There has been all manner of speculation on how much electricity ChatGPT consumes, but the company has now come out with an official number — and provided some context on the electricity used by ChatGPT.
OpenAI CEO Sam Altman has said that an average ChatGPT query uses 0.34 watt-hours of electricity. “People are often curious about how much energy a ChatGPT query uses; the average query uses about 0.34 watt-hours, about what an oven would use in a little over one second, or a high-efficiency lightbulb would use in a couple of minutes. It also uses about 0.000085 gallons of water; roughly one fifteenth of a teaspoon,” Altman wrote in a blogpost. Altman further added that the cost of intelligence — through AI models — would eventually converge to the cost of electricity.

There had been lots of concern that the average ChatGPT query was using 10x the amount of electricity as a typical Google search. But this might not necessarily be the case. Google had revealed all the way back in 2011 that a typical Google search took 0.3 watt hours, which is roughly the same as what the average ChatGPT query takes now. It’s possible that Google systems have gotten more efficient over the years — or more energy intensive, especially because of AI overviews in search — but it does appear that the average ChatGPT query now takes only slightly more power than the average Google search did in 2011.

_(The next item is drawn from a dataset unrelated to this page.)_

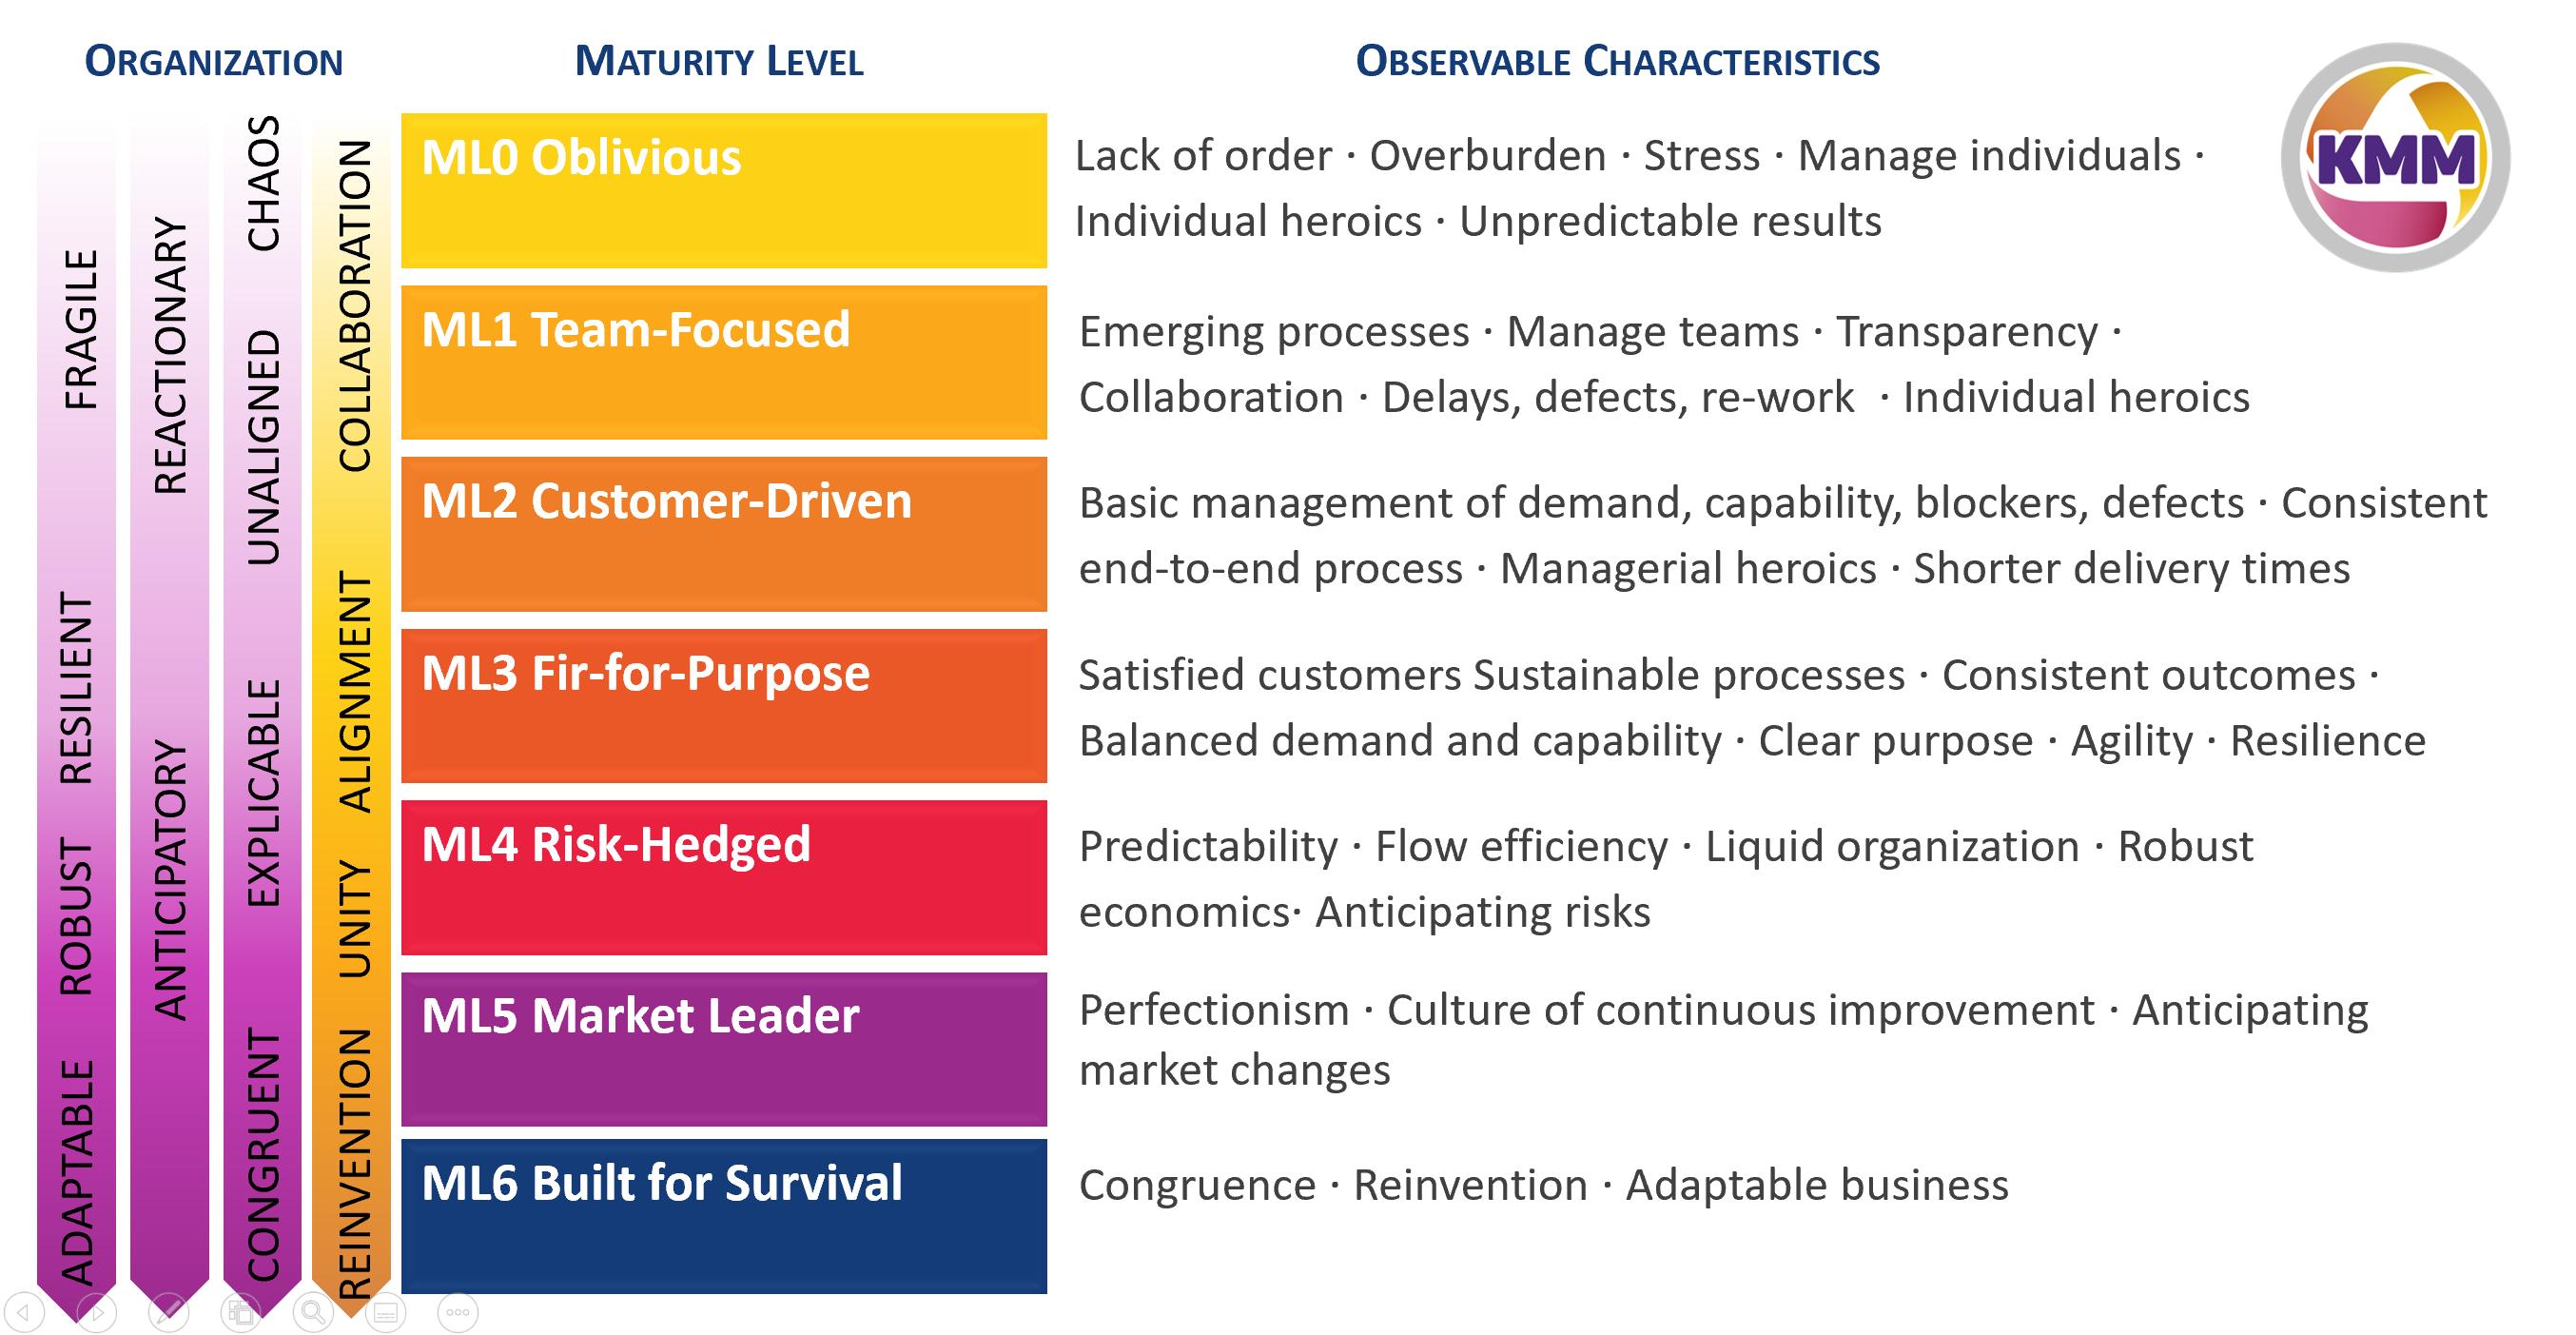 characteristics of Maturity Levels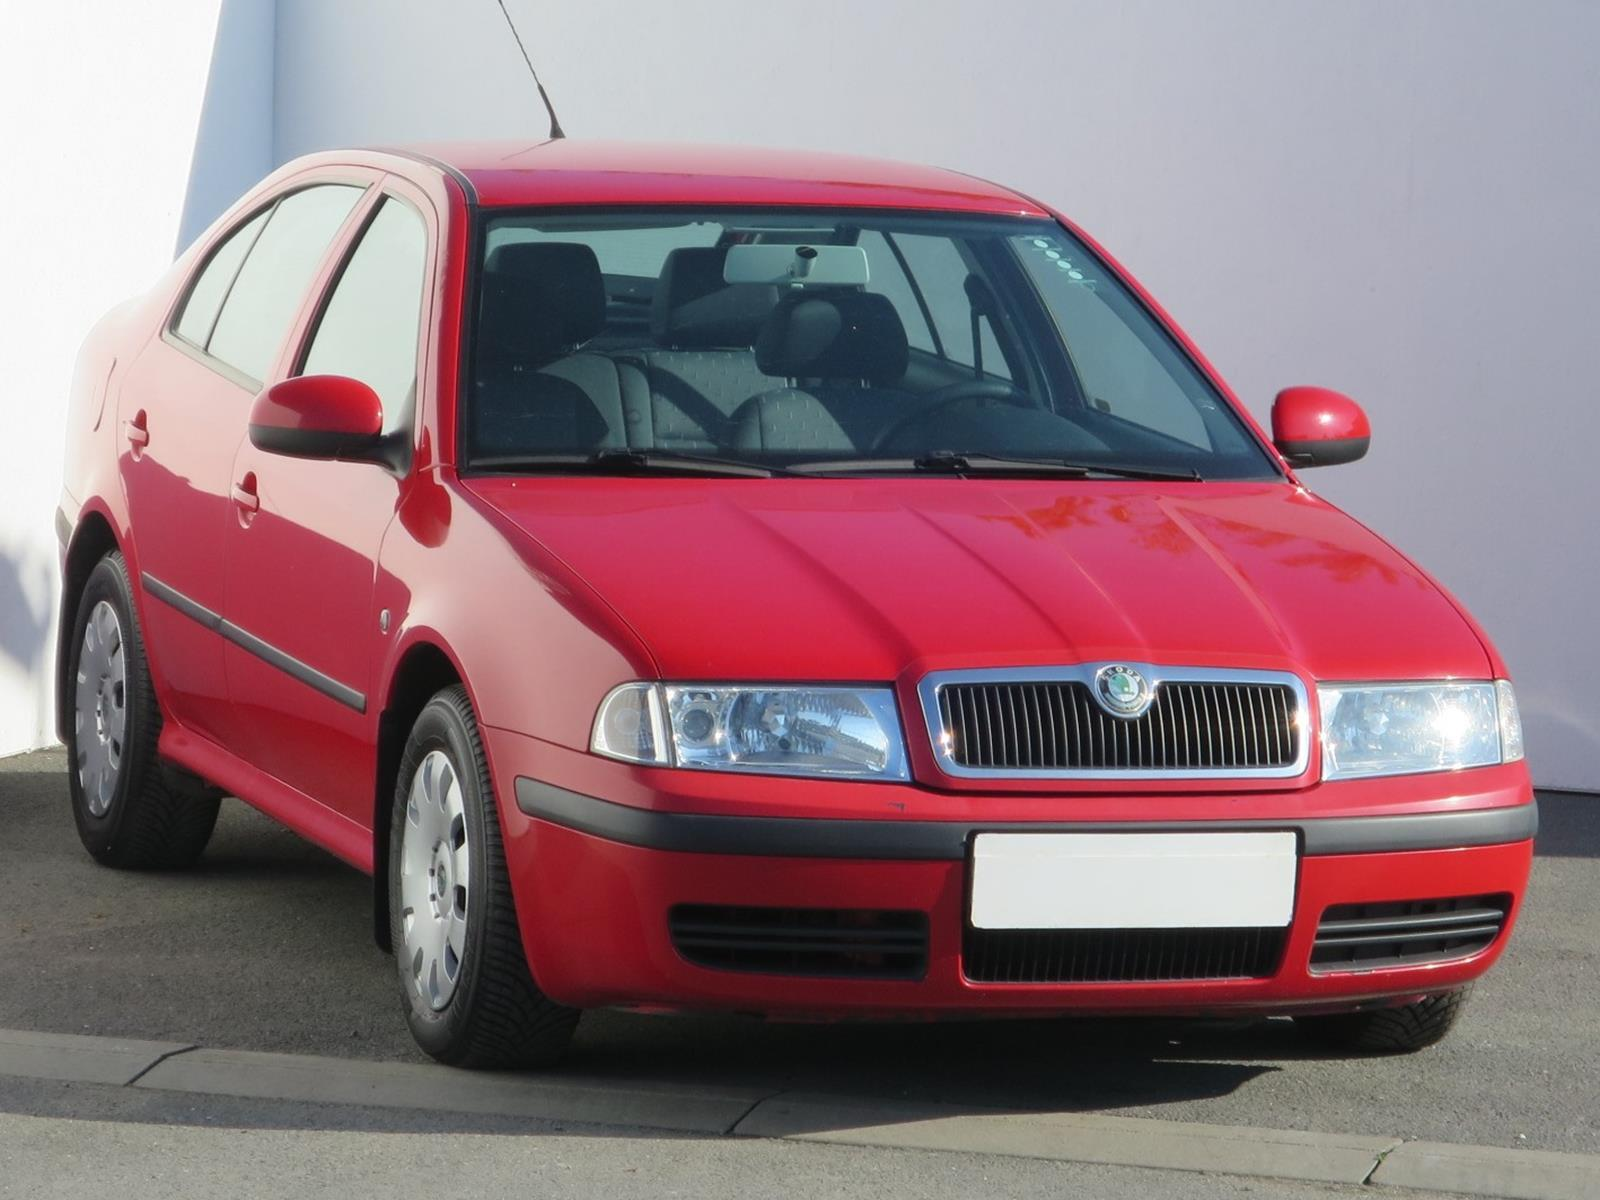 Škoda Octavia 1.9 TDI  74kW hatchback nafta

And ultimately, it could be more useful to look at ways to increase electricity production than to obsess over the amount of energy AI takes. AI seems to be here to stay, and it will likely be used in all aspects of work and play in the coming decades. And while companies would likely keep innovating to bring down the electricity usage — it would help keep their bills down for starters — governments and scientists need to come up with ways to make electricity abundant and cheap. Humanity is already on the AI path, and society needs to make sure that the resource powering it — electricity — doesn’t end up being a constraint.